The original recipe is from Every Day Food, November 2008
1 lb green (or yellow) beans, trimmed
1 tbsp olive oil
1 1/2 lbs chicken cutlets (I often use breasts that I pound to 1/2 inch thickness)
salt and pepper
10 oz white mushrooms, trimmed and quartered (brown cremini mushrooms are delicious as well, with a more woodsy flavor)
2 cloves of garlic, minced
3 Tbsp butter
3 Tbsp fresh lemon juice (I use a whole lemon; zest and the juice too)
1/2 cup fresh parsley, chopped (or, I've used some chopped chives right from my herb garden)
Put the beans in a steamer basket and cook until tender crisp.

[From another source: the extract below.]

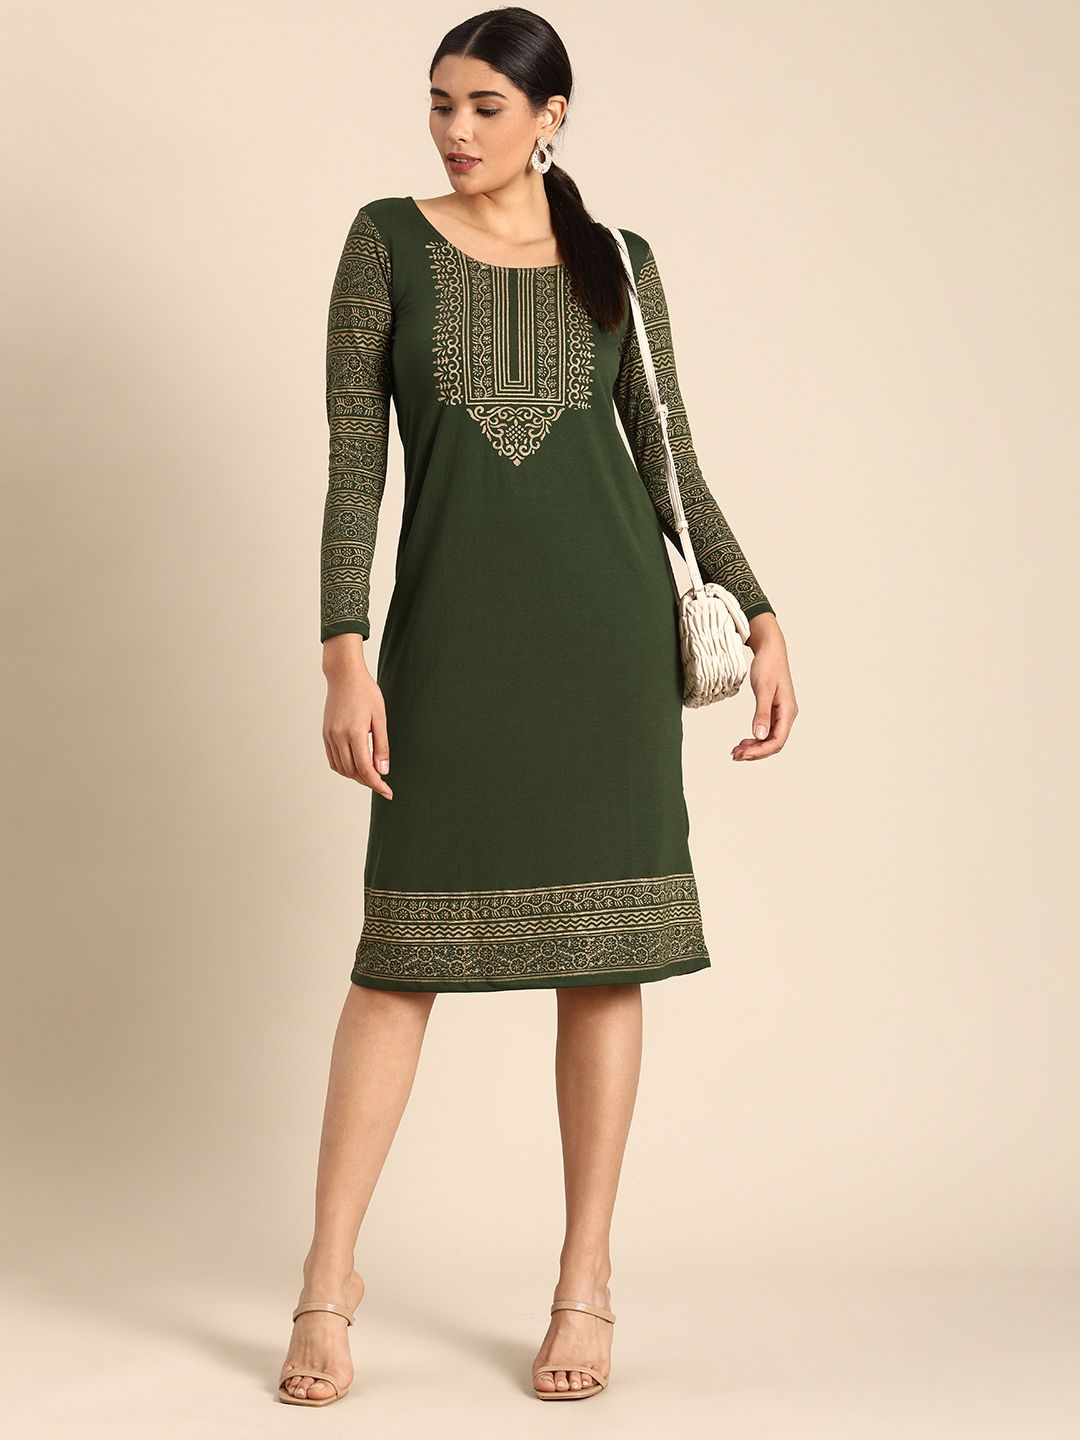 Anouk Olive Green & Gold-Toned Ethnic Motifs Foil Printed Sheath Dress Price in India

Meanwhile, in a large skillet heat up some oil. Season,the chicken with salt and pepper, and saute until cooked through. Transfer to plate and loosely tent with foil. Using the same skillet, melt 1 tbsp of butter and toss in the mushrooms and garlic. Cook over medium heat, stirring, until the mushrooms are tender (don't let the garlic brown-turn the heat down a bit if you have to). Remove from the heat and stir in the remaining 2 Tbsp of butter. Zest the lemon right over top of the pan and then cut it in 1/2. Juice the lemon and add about 3 Tbsp right into the pan, stirring. The juice will de-glaze the pan, bringing up all the yummy brown bits from the chicken and mushrooms. Add the parsley.
Serve the chicken with mushrooms and sauce spooned on top, and the green beans on the side.